The next two films, debuting Feb. 10 and 17, share an element of bookish fantasy. Love & Jane stars Days of Our Lives veteran Allison Sweeney as a Boston-based aspiring novelist who gets advice from Jane Austen herself. In An American in Austen, the aptly named actress Eliza Bennett stars as a librarian in a romantic crisis who is magically transported into her favorite novel, Pride and Prejudice, and gets to meet Mr. Darcy, the hero of her heart to whom no real man can compare. This was the only film not available for screening, but the early clips are delightful.
The fourth and final film in the Hallmark "Loveuary with Jane Austen" lineup is an altogether different kind of standout. This is the real headliner of the group — and a first for the channel: a diverse, full-on period drama based on Austen's first published novel, Sense and Sensibility, complete with lavish ballgowns and Regency-appropriate manners.
Revisiting Sense and Sensibility
Despite staying true to the classic marriage plot of love and inheritance, in which the Dashwood sisters are displaced from their home following the death of their father, this is a Sense and Sensibility of a strikingly different hue. UK-based British actors and actresses of African descent play four of the five principal characters — Elinor and Marianne Dashwood, and potential suitors Colonel Brandon and Mr. John Willoughby.

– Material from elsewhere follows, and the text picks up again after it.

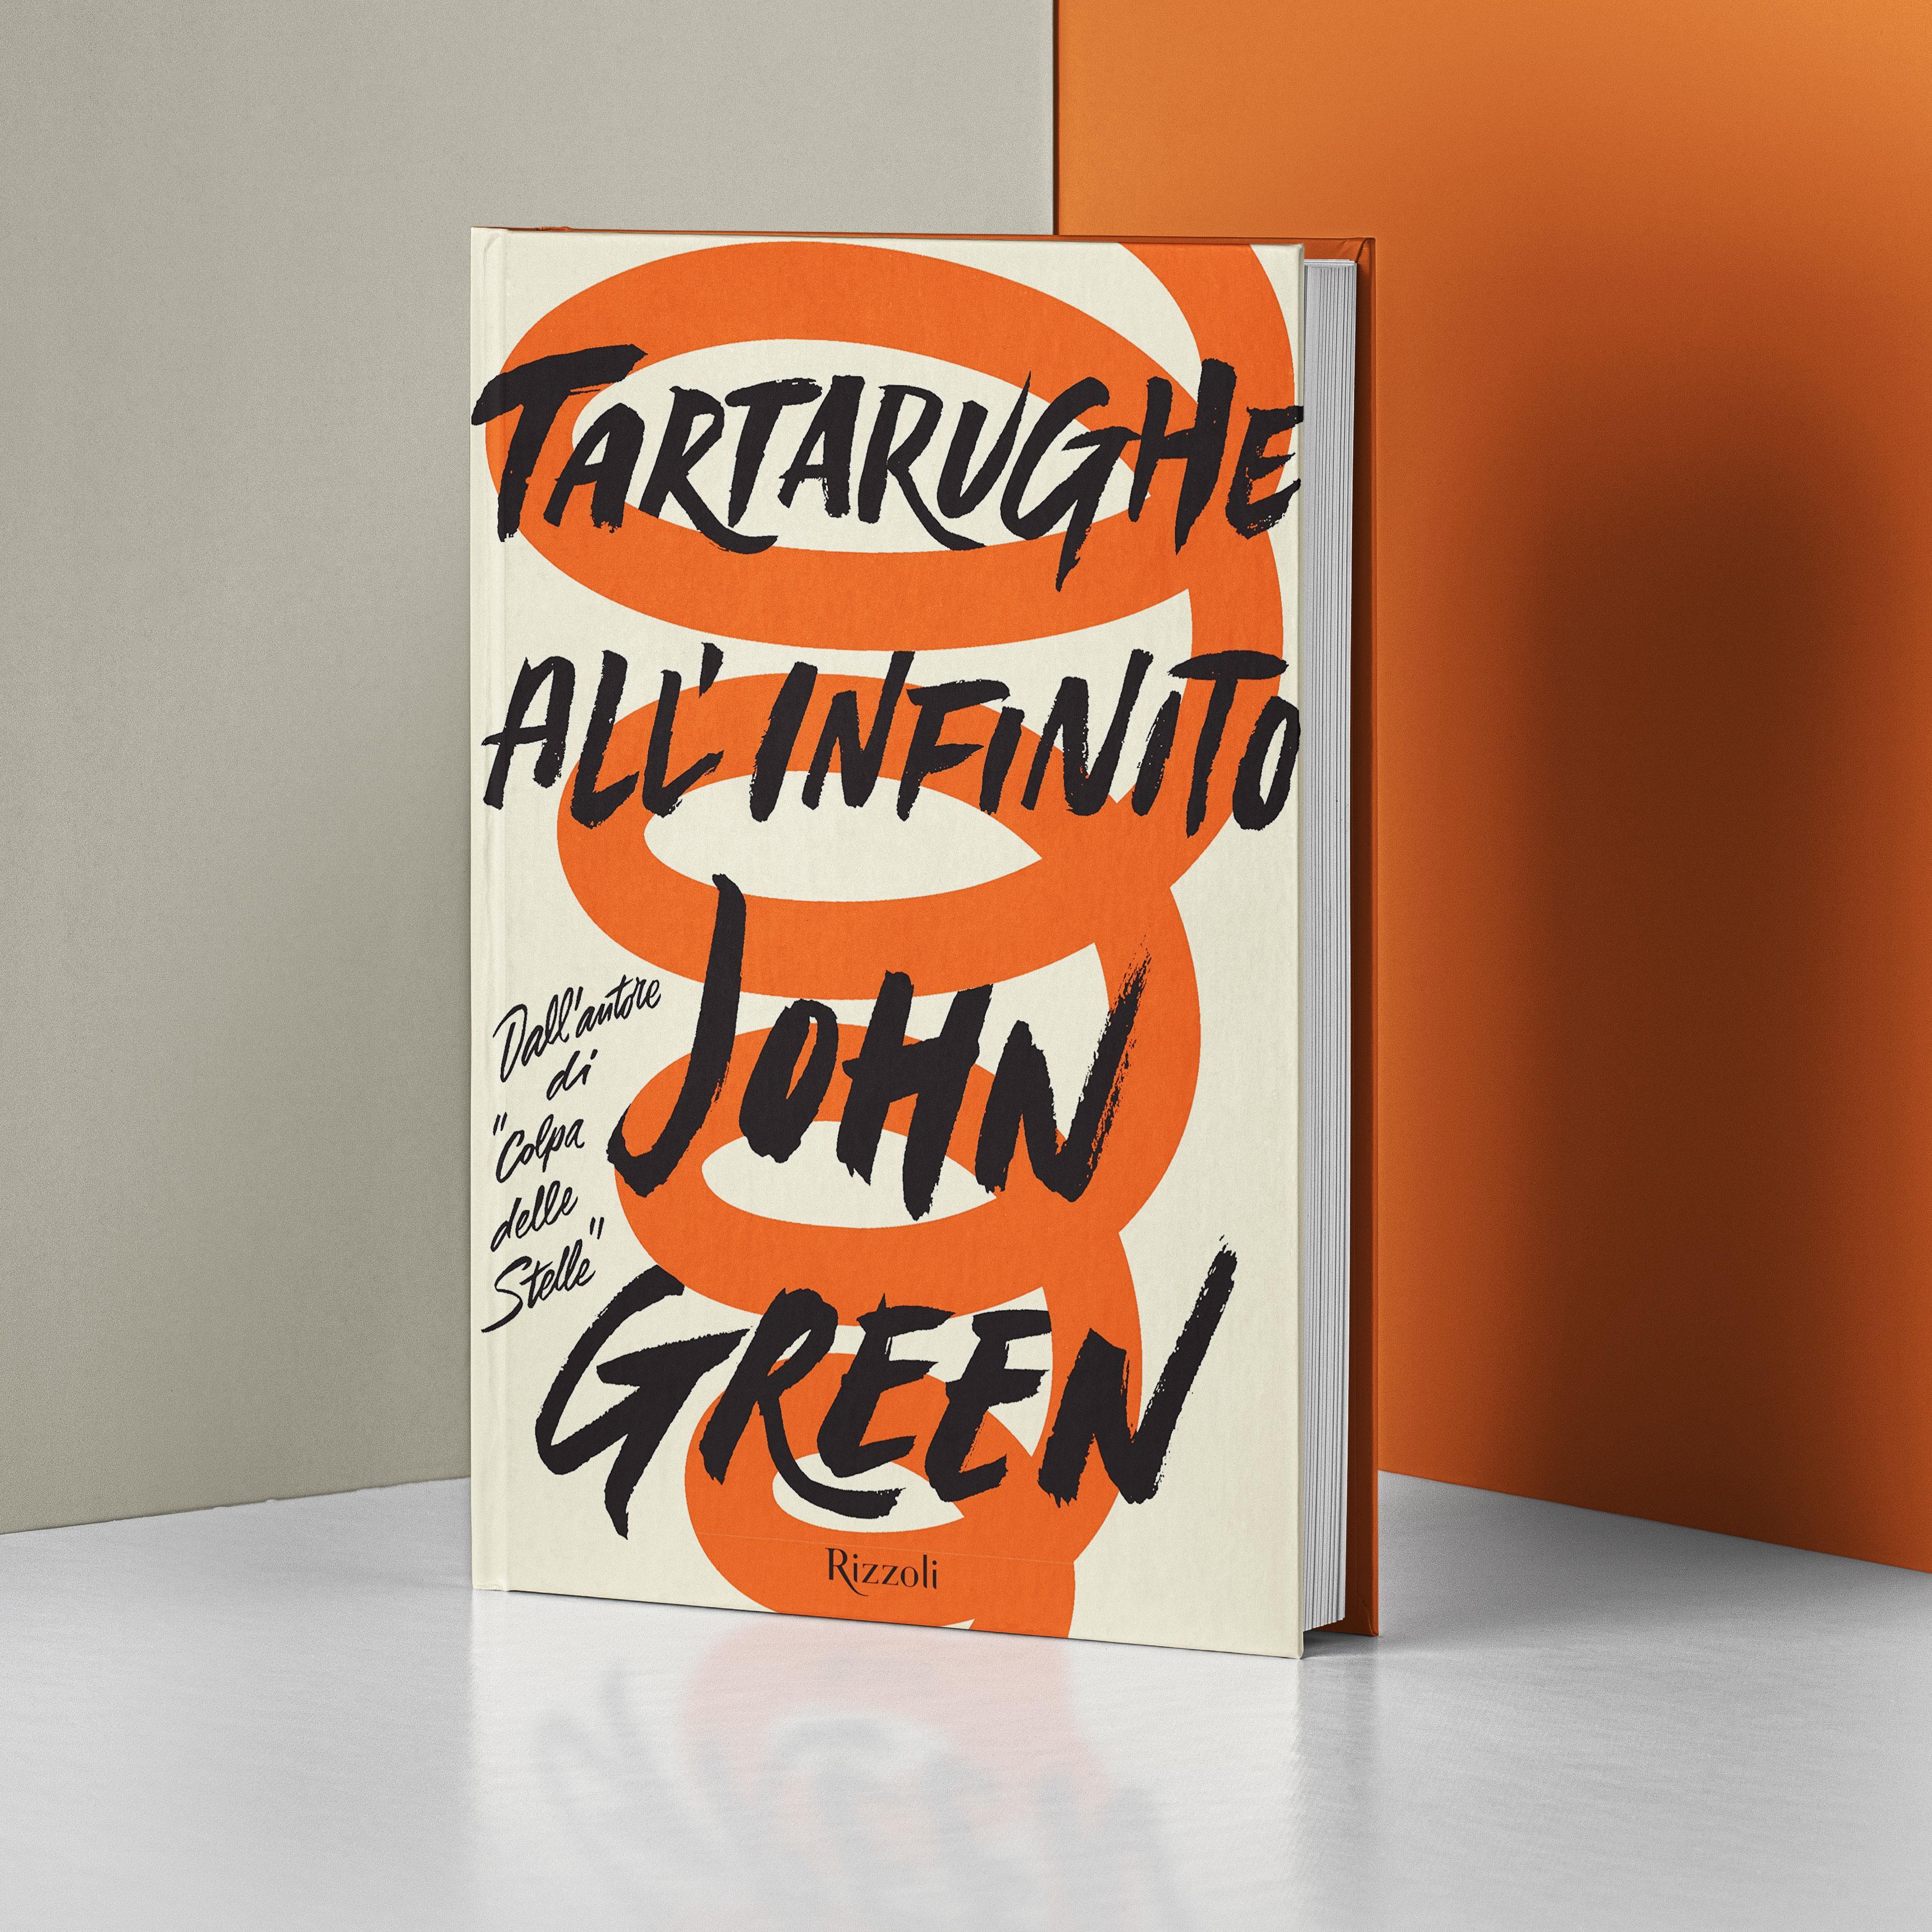 L'ultimo libro di John Green: Tartarughe all'infinito, 2017

Led by British-Nigerian actress Deborah Ayorinde (star of The Riches, and an independent spirit award nominee for Them) as the practical and sensible elder sister Elinor and Bethany Antonia as Marianne, the cast includes several of the best supporting character actors on British television. Martina Laird, who gave a harrowing performance as a struggling mom harboring shocking secrets in the fifth season of ITV/PBS's Unforgotten, delivers a bravura comedic turn as Mrs. Jennings. Carlyss Peer, so contained as DS Kate Miskin on Dalgliesh, is elegantly scheming, an iron fist in a velvet glove, as Elinor and Marianne's snobbish sister-in-law Fanny Dashwood. Elinor's diffident love Edward Ferrars is played by one of the few non-British cast members, Canadian-born actor Dan Jeannotte, who is white. No newcomer to love stories, Jeannotte is Hallmark favorite and perhaps best known outside his work on the channel as the on-and-off love interest Ryan Decker to The Bold Type's ambitious Jane.
On the heels of Lin-Manuel Miranda's mulitracial Hamilton cast and Bridgerton on Netflix, this casting is less radical than it might have been in the past. But this production still tows a challenging line. While not having the universal fandom of Pride and Prejudice, Sense and Sensibility remains one of Austen's most beloved and studied works. Montclair State University Associate Prof. of English and Founder of the Race and Regency Lab Patricia Matthew calls it Austen's "most pragmatic novel," noting that it's politically complex in how it handles questions of money, gender and power. "I'm absolutely fascinated by the fact that this is set in the 19th century. And there it's a predominantly Black cast," she says.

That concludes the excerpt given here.